БМ: Знали ли вы в то время эту симфонию?
ГГ: Да. Я уже успел услышать и возненавидеть ее. Я вспоминаю свои тогдашние мысли насчет того, что едва ли эта вещь способна кого-либо привлечь, хотя, конечно, еще не знал в то время, что она является объектом всеобщего поклонения. И вся история отложилась у меня в памяти еще и потому, что Симфония соль минор наилучшим образом представляет те качества в Моцарте, которые я считаю просто необъяснимыми.
БМ: Вы, я надеюсь, не ждете, чтобы я согласно кивал, слушая подобные вещи?
ГГ: Конечно, я не жду этого, Бруно. Я был бы изумлен, если бы вы согласились со мной. Наверняка, здесь есть некая потеря для меня, но, с моей точки зрения, в этой симфонии можно найти только восемь замечательных тактов, состоящих из последовательно спускающихся параллельных секст без аккомпанемента (после знака репризы в финале). Это единственное место в симфонии, окруженное получасовым засильем банальности, и только здесь Моцарт как бы стремится встретиться с духом Антона Веберна. И я абсолютно серьезно говорю, что меня больше радует KV 16.
БМ: Первая симфония?
ГГ: Да, и единственное сочинение Моцарта, которым я когда-либо дирижировал, — хотите верьте, хотите нет.
БМ: Хорошо, Глен, здесь мне сразу приходят на ум два соображения — во-первых, то, что вы предпочитаете сочинение, которое, возможно, даже не принадлежит самому Моцарту (в настоящее время авторство этой Симфонии не подвергается сомнению) (а если и принадлежит, то относится ко времени, когда ему было только семь лет) — одной из его величайших симфоний зрелого периода, и тот факт, что, когда вы указываете на какой-то определенный момент в соль-минорной симфонии, то исключительно потому лишь, что он напоминает вам Веберна, то есть, в любом случае нечто не относящееся к самому Моцарту. Другими словами, достоинство этого фрагмента для вас состоит именно в том, что здесь Моцарт, в общем, перестает быть самим собой.

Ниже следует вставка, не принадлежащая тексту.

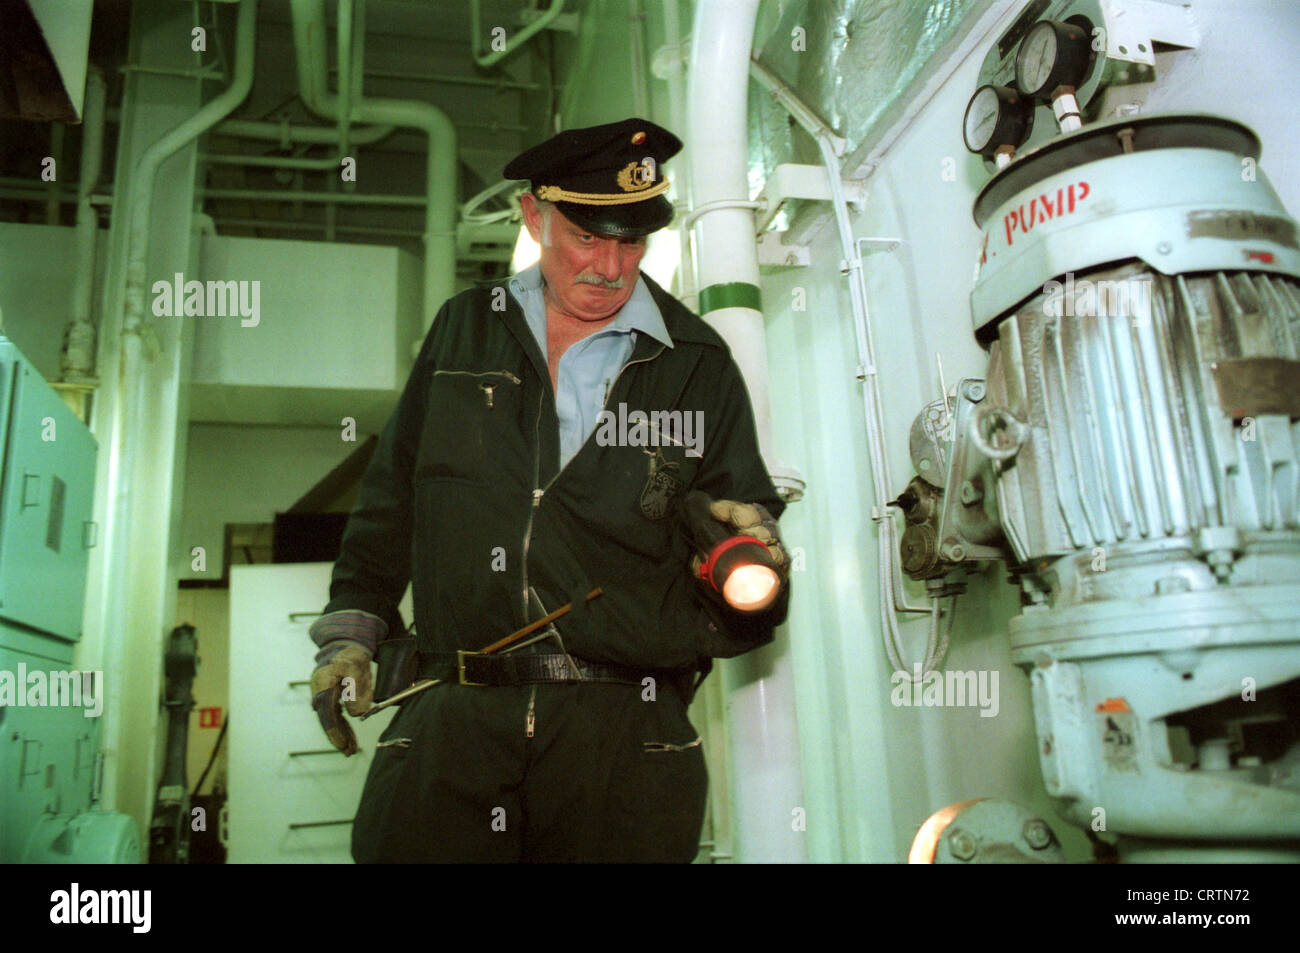 A customs officer of the Black-speed at work, Hamburg Stock Photo

ГГ: Это именно так, но лишь до тех пор, пока мы не затрагиваем его ранних произведений. И я имею в виду, разумеется, не KV 16, а сочинения 1770-х годов — они кажутся мне наделенными такой чистотой голосоведения и такой обдуманностью регистровки, которых никогда не встретишь в поздних сонатах.

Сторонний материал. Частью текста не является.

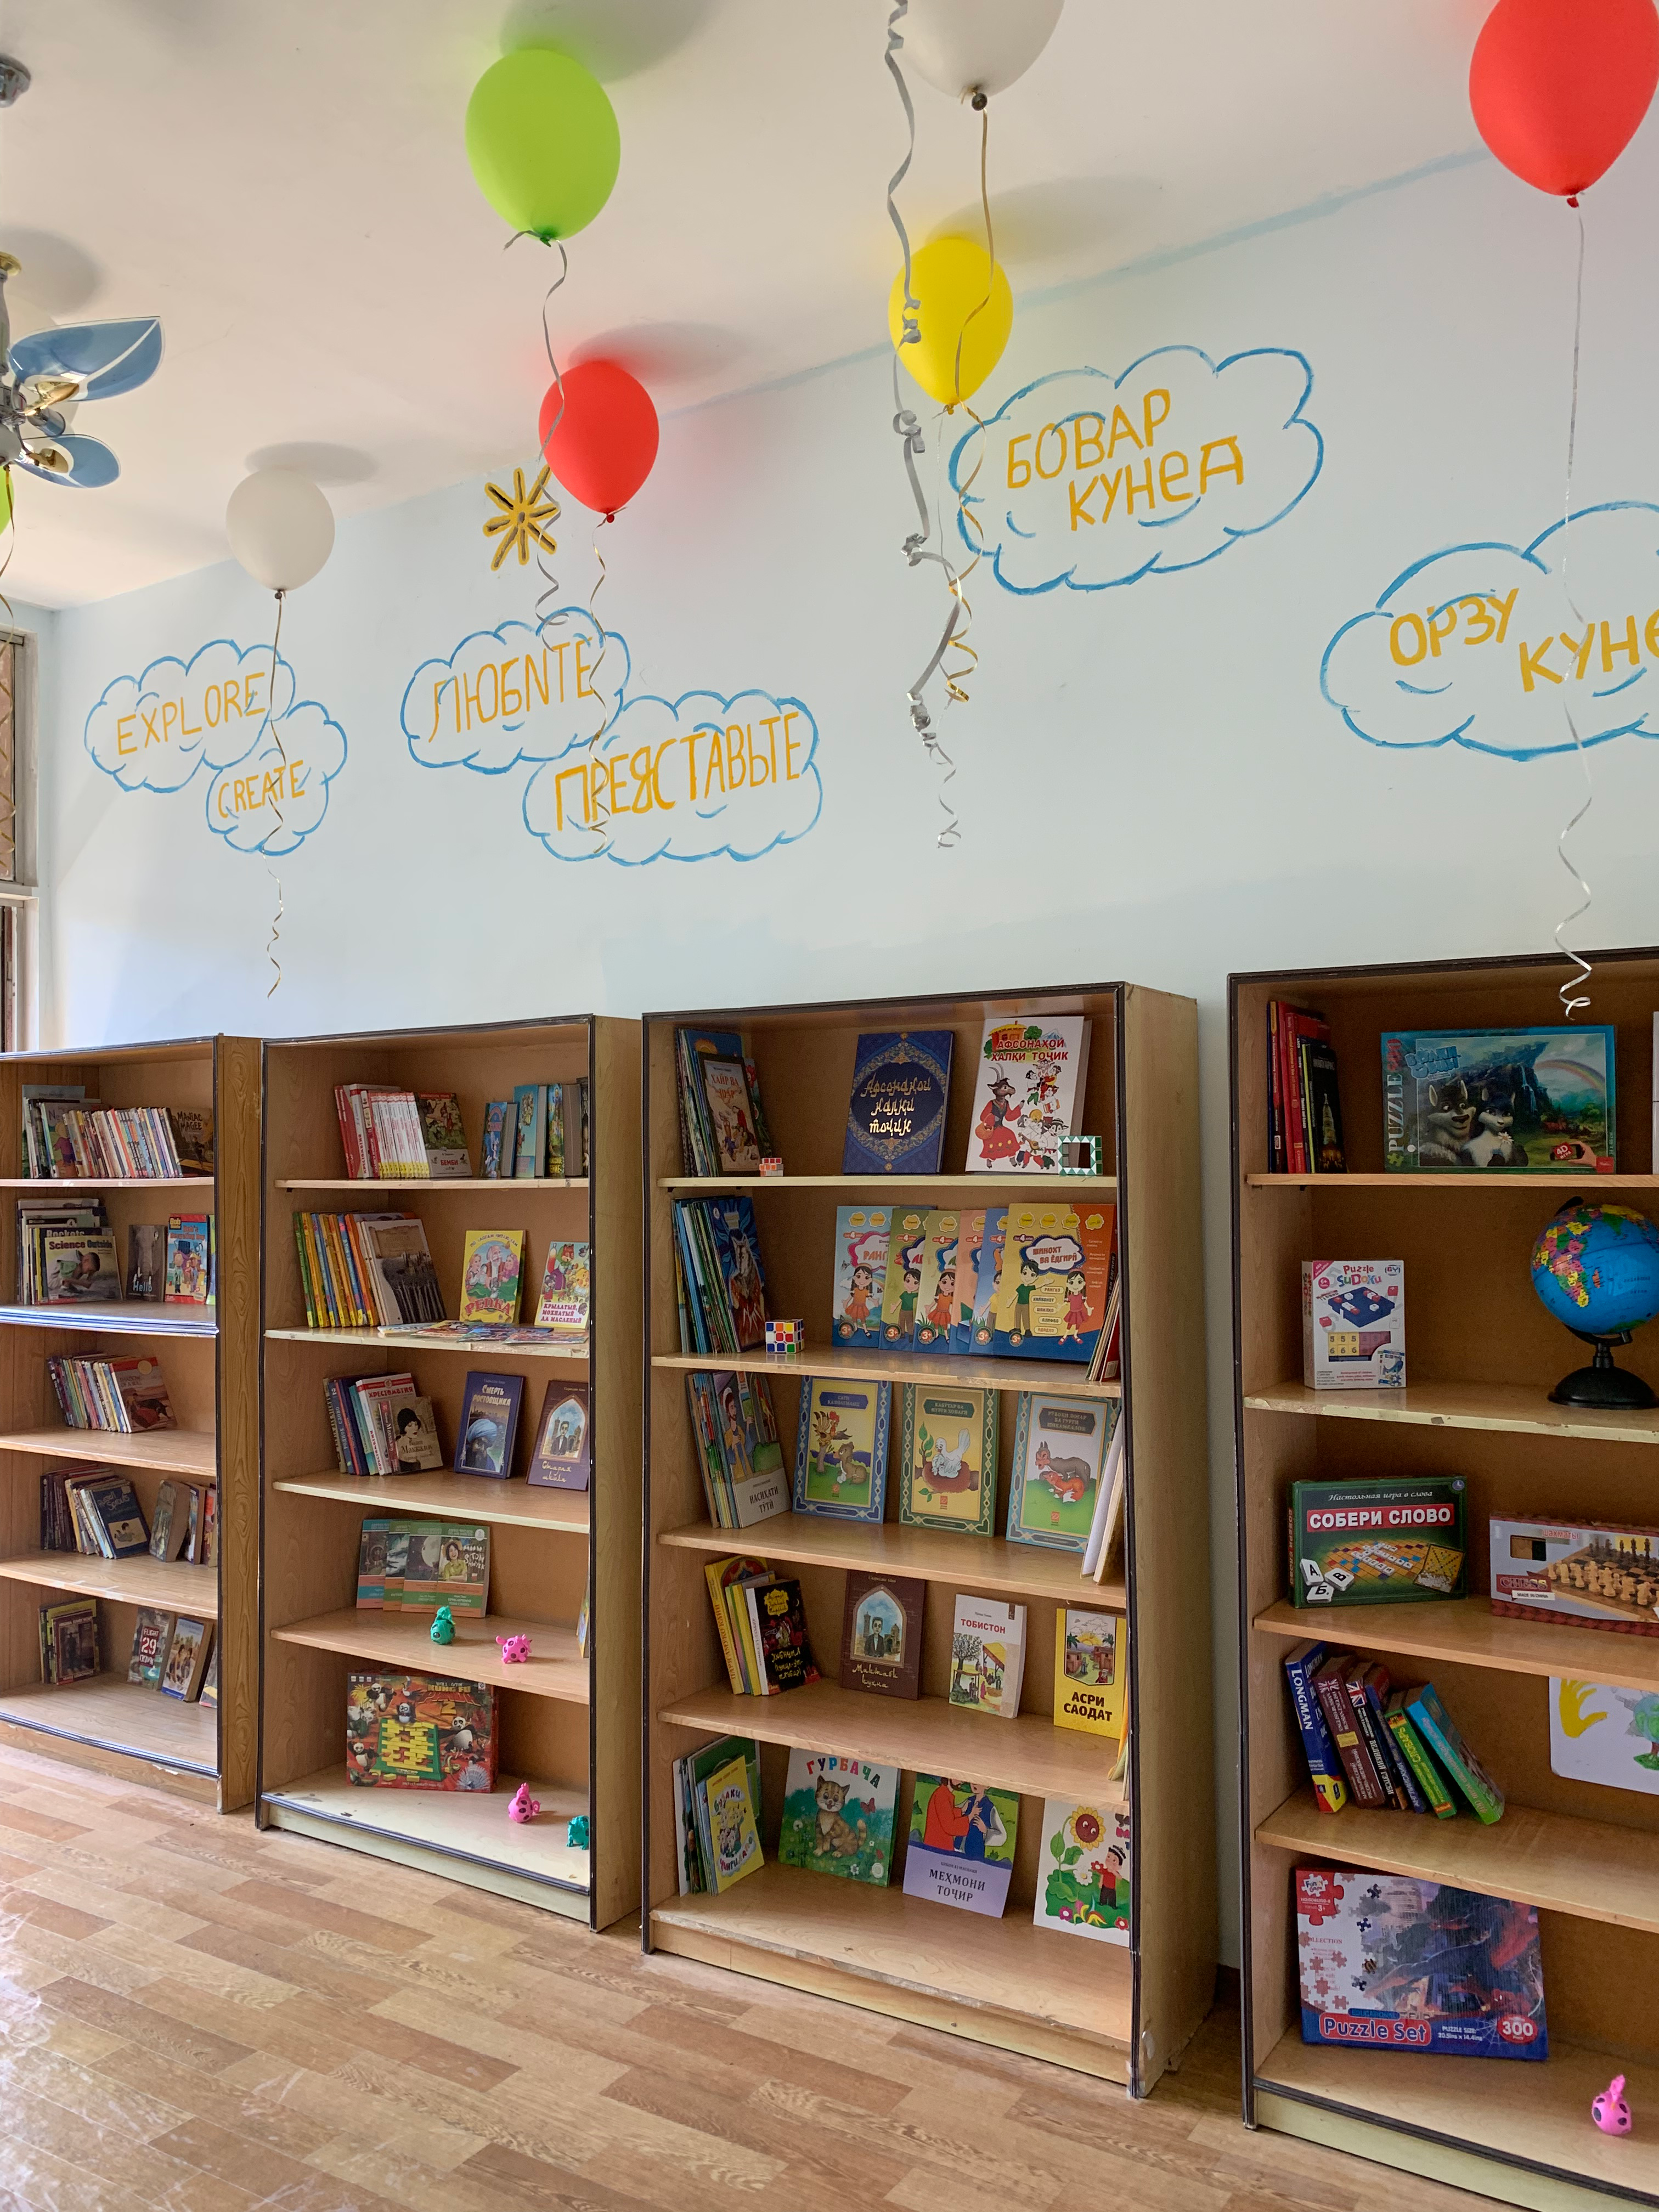 The finished library, with painted murals, books on shelves, and balloons hanging

БМ: Но уточним, что все это присуще барочной музыке.
ГГ: Конечно, и, с моей точки зрения, первые шесть сонат, которые наделены этими барочными свойствами, являются лучшими из всего собрания. И даже если принцип «чем короче, тем лучше» определяет мое отношение к Моцарту в целом, я могу сказать, что KV 284 [Соната № 6, ре мажор], которая, вероятно, является самой длинной из всех сонат, относится к числу моих фаворитов.
БМ: Позвольте мне снова вернуться к барочным аспектам. Мне пришло в голову, что многие из тех качеств, которые превращают ваше исполнение Моцарта в необычный эксперимент, проистекают из вашего интереса к особенностям барочной музыки. Например, способ, при помощи которого вы минимизируете смены динамики, или почти их игнорируете, или то, как вы иногда отказываетесь признавать очевидные авторские указания темпа.
ГГ: Конечно, ведь перечисленные вами ремарки в тексте относятся к той самой эпохе, которой, по мне, лучше бы вообще не было.
БМ: То есть, вы действительно, как я подозреваю, хотите привнести импровизационный элемент во всю музыку XVIII века?
ГГ: Да, и я считаю это законным.
БМ: Я тоже, если несколько заострять проблему. Но я думаю о том, что присутствие такого элемента не должно позволять исполнителю вольничать с относительно более специфическими особенностями нотации моцартовской эпохи, я имею в виду, например, sforzandi, которые вы обычно либо устраняете, либо сглаживаете.
ГГ: Виноват. Но я всегда сторонился sforzandi.
БМ: И я полагаю, что вы так поступаете потому, что они как бы посягают на ваши прерогативы импровизатора.
ГГ: Нет, я бы пошел гораздо дальше этого, Бруно. Я считаю, что они представляют собой некий элемент театральности, против которого моя пуританская душа энергично возражает — и это, конечно, только один из многих подобных элементов.
БМ: Ну, хорошо, это, может быть, и так, но на техническом уровне они также представляют собой своего рода разрушение полифонии, и это переводит меня к другой теме, которую я хотел бы затронуть — поскольку приверженность к контрапункту заставляет вас зачастую вносить изменения или «исправлять» голосоведение.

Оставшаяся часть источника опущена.